# [What is expected]
Beginning at the line that contains "Handmade designer jewelry", reproduce the entries below exactly, ending with the line that contains "MAXYOYO Giant Bean". Omit each picture.

[Task material]

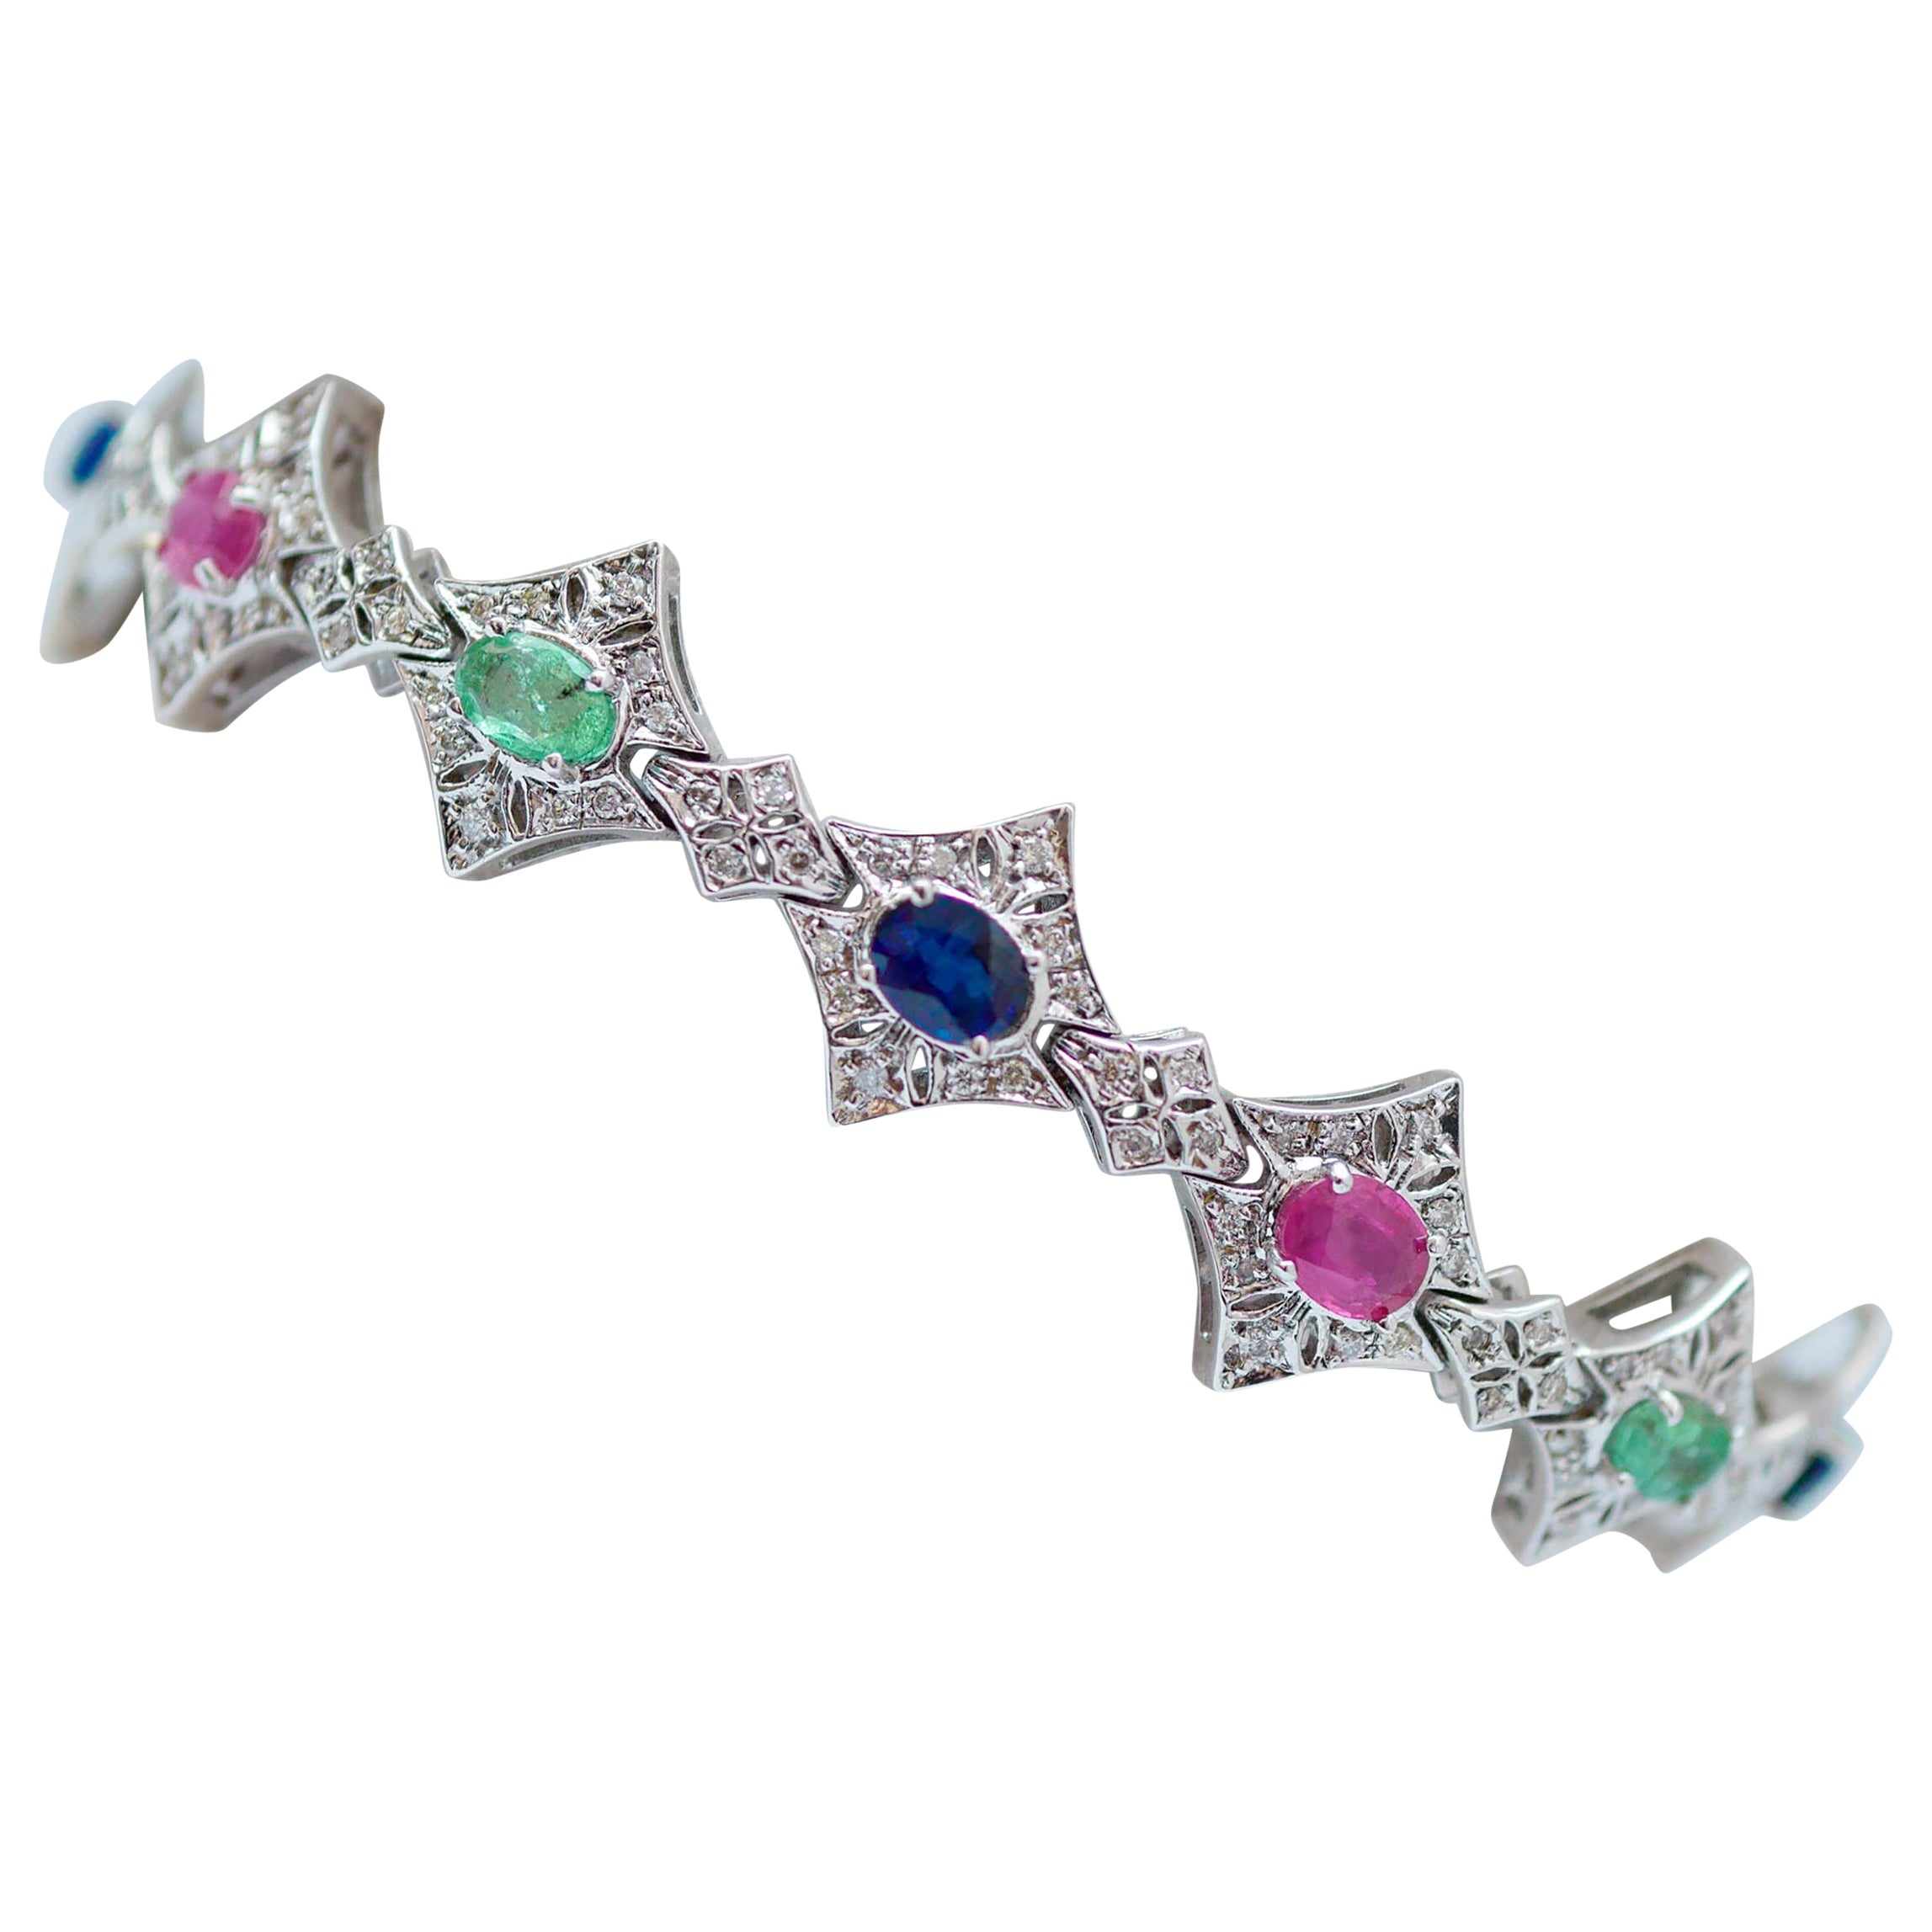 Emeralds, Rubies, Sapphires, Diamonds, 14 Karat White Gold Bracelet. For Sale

[/Task material]
[Task material]

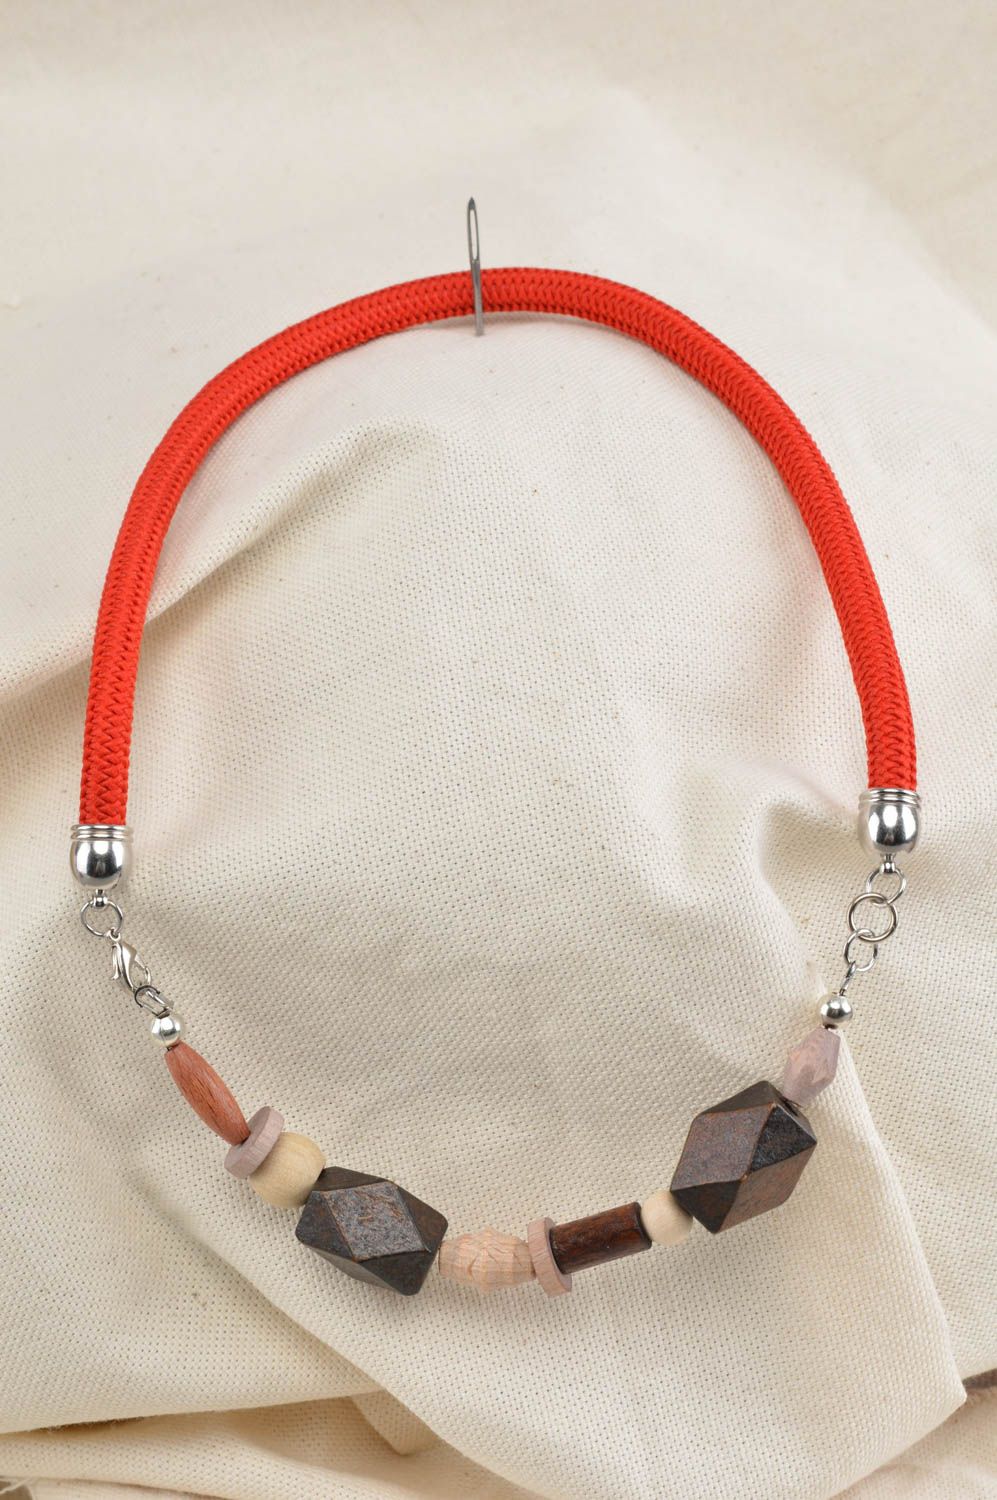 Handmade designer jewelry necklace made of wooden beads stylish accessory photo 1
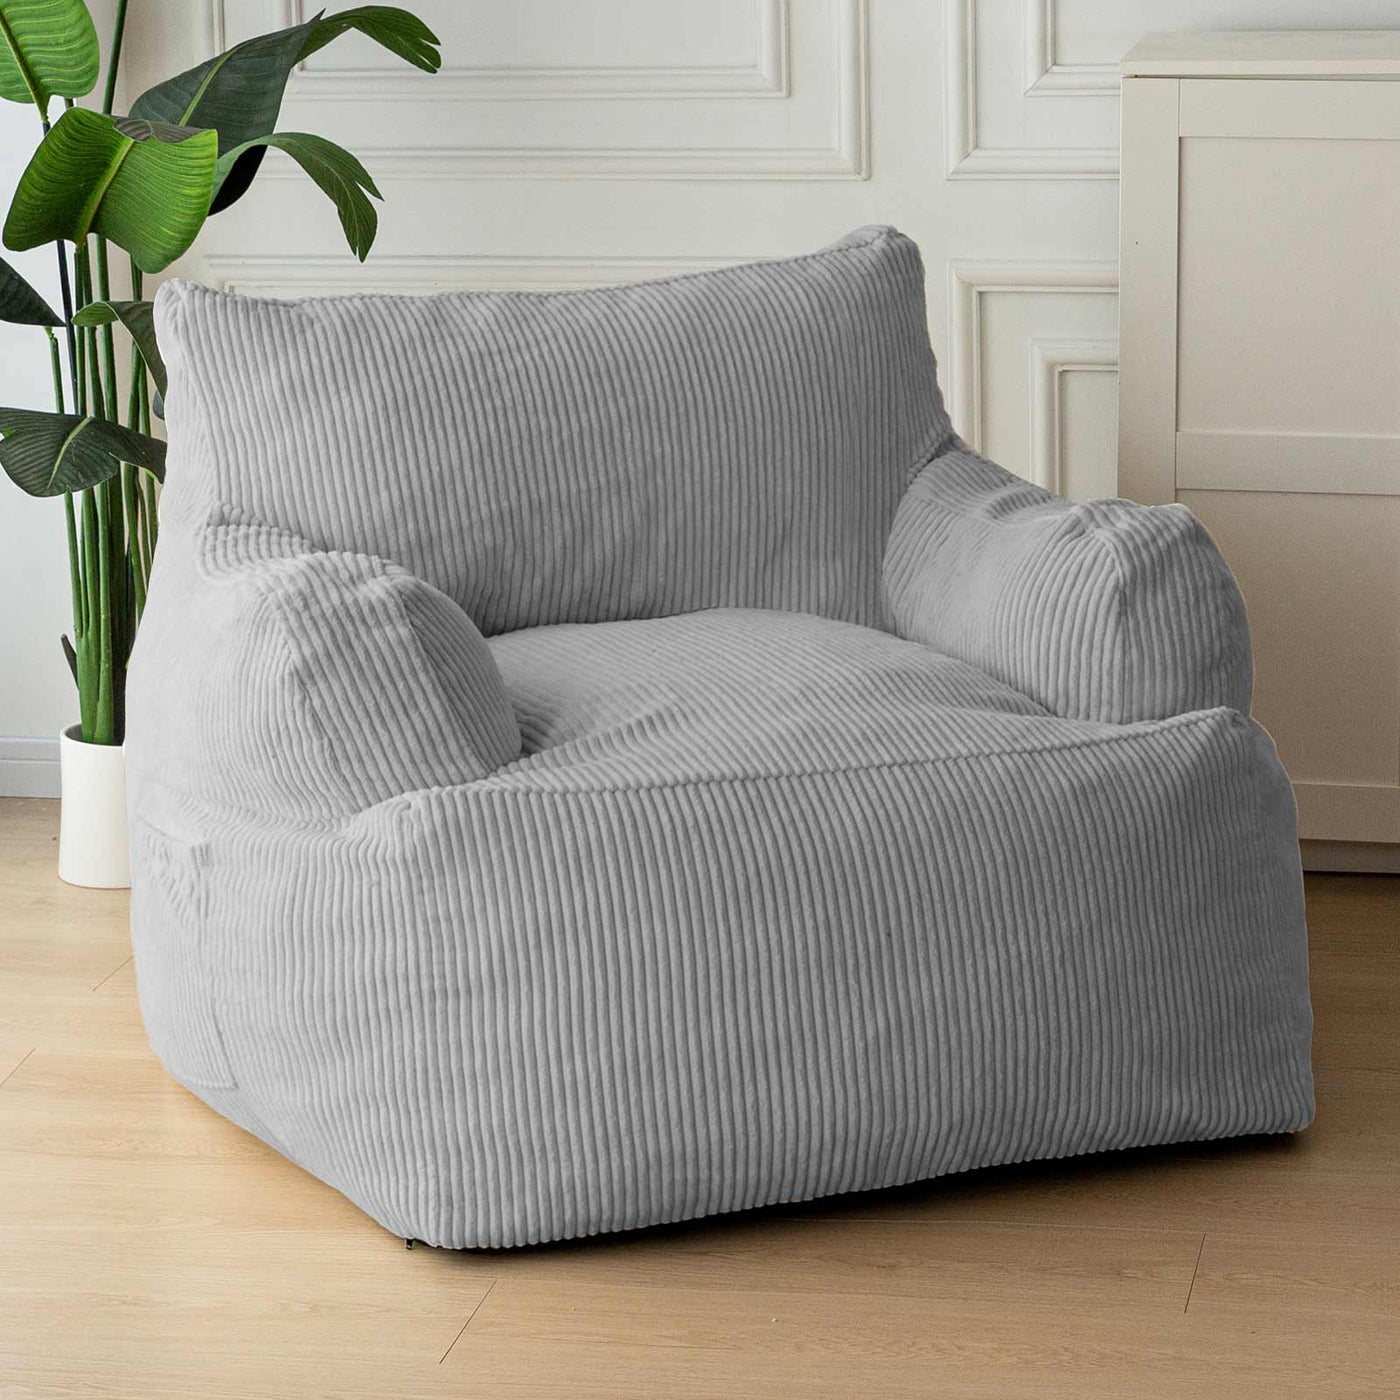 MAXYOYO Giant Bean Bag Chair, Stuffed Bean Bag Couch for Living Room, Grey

[/Task material]

# [Response]
 Handmade designer jewelry necklace made of wooden beads stylish accessory photo 1
 MAXYOYO Giant Bean Bag Chair, Stuffed Bean Bag Couch for Living Room, Grey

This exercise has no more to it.